When the guard game back, he didn’t look amused. They all stopped yelling, and when the guard spoke in Russian, the woman responded.
The guard came alive, his face a mask of angry resolve as he spoke into his radio.
“What did you say to him?” Buck asked.
Before she could answer, two more guards hurried out of the stairwell and stood with weapons at the ready while guard number one unlocked the Plexiglas door.
He edged into the space with his gun pointed at Ice, the other two guards crowding in behind him. Suddenly the cell shrunk, which worked in the SEALs’ favor, in Buck’s opinion. These idiots didn’t understand close combat, apparently.
Dozer still worked the acting skills.
“Our friend is injured,” Ice said, pointing to Dozer.
The woman translated, but whatever she said only agitated the guards more. Buck and Ice exchanged a suspicious glance. Buck didn’t trust her, and it didn’t look like Ice did, either.

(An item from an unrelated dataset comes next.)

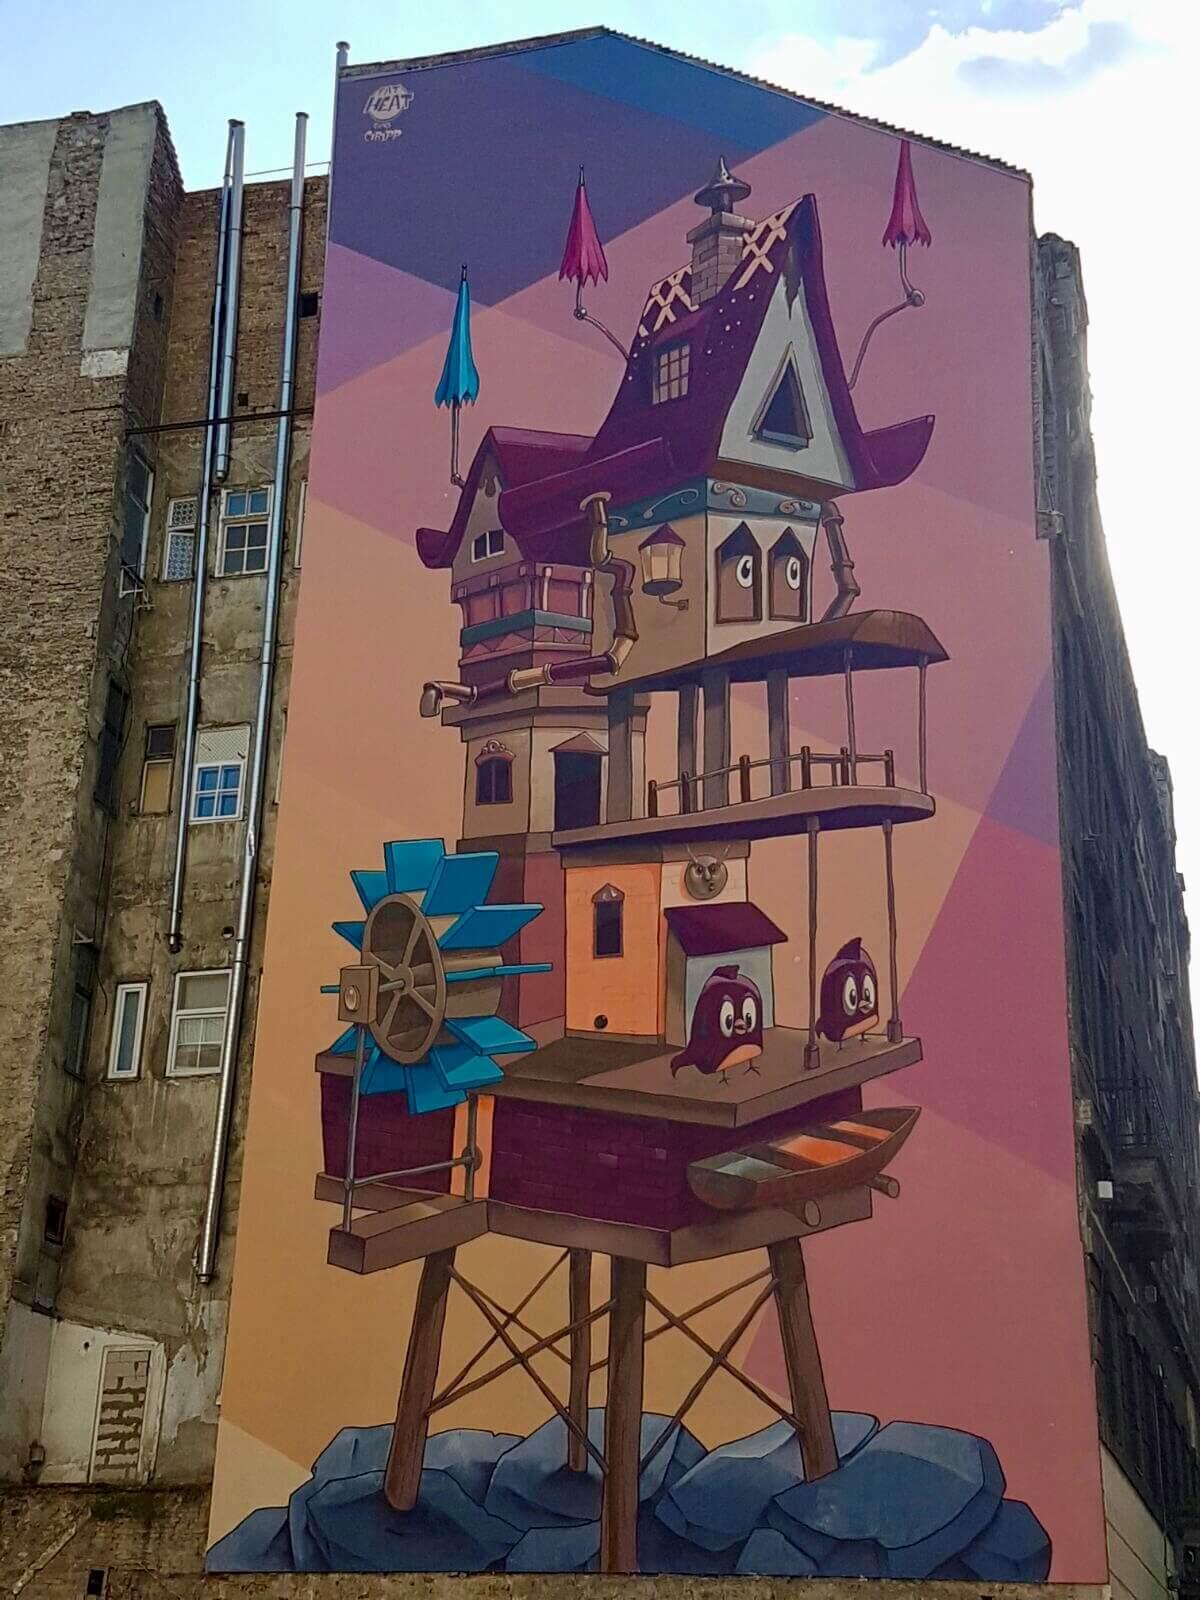 אמנות רחוב בבודפשט

Dozer still moaned and groaned and rolled on the floor. He had the guards convinced, but Buck wished he’d cut the melodrama some before the guards caught on.
The Russians pushed forward, forcing Buck, Ice, and Wolf back. If they got backed up against a wall, it would be more difficult to fight.

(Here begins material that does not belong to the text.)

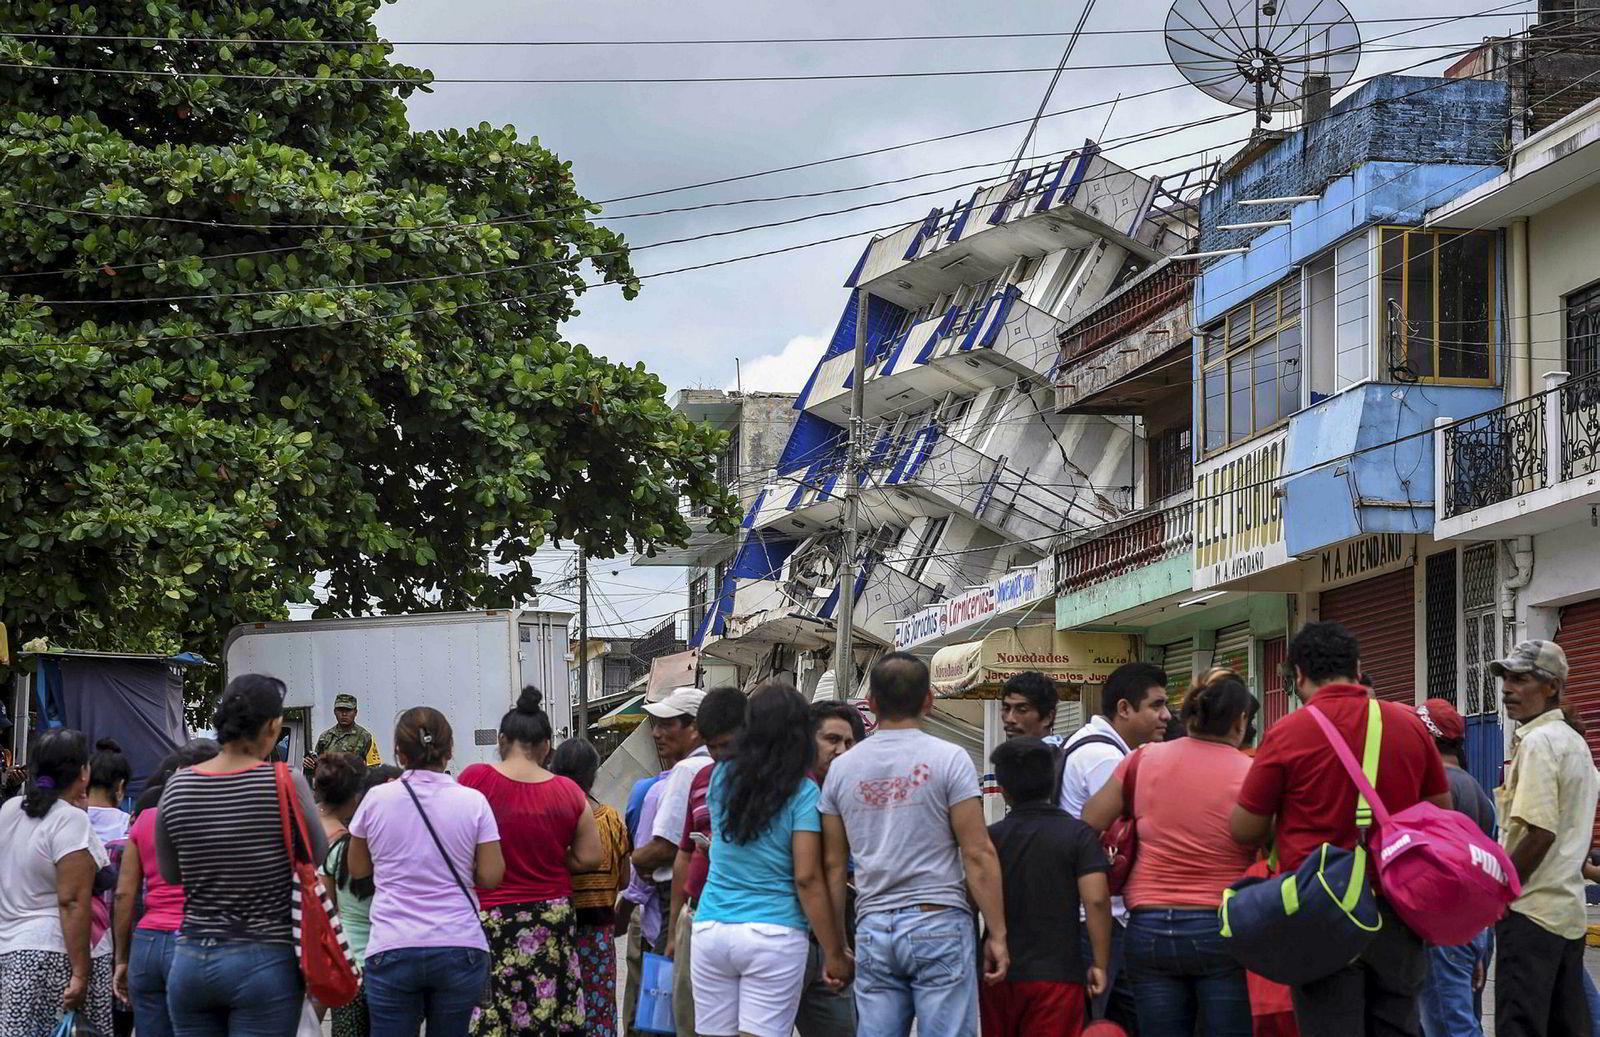 Jordskjelvet i Mexico har gjort store skader, som her i byen Matias Romero i delstaten Oaxaca sør i landet. Nå er den tropiske stormen Katia også på vei.

One of the guards jammed the muzzle of his AK47 into Wolf’s gut.
“Now?” Wolf asked.
“Go,” Ice said.
Wolf grabbed the muzzle and shoved it toward the ceiling, then dove into a gut punch that shocked the guard and almost brought his last meal back up.
Dozer sprung from the floor and plowed his shoulder into the same guard, bulldozing him all the way to the opposite wall. Wolf followed and they went to work on the guy together.
Ice took on one of the two remaining guards, and Buck went after the last one, slamming a fist into the guy’s face. He yanked the gun from his hands and tossed it behind him, then grabbed a handful of the guy’s hair and rammed his face into the Plexiglas until his body went limp and slid to the floor.
The rest of the guys finished the two other guards just as fast and it was done in only moments.
“What did you say to him?” Buck asked as he collected the weapon he’d tossed aside and searched the guard for other weapons, ammo, and keys.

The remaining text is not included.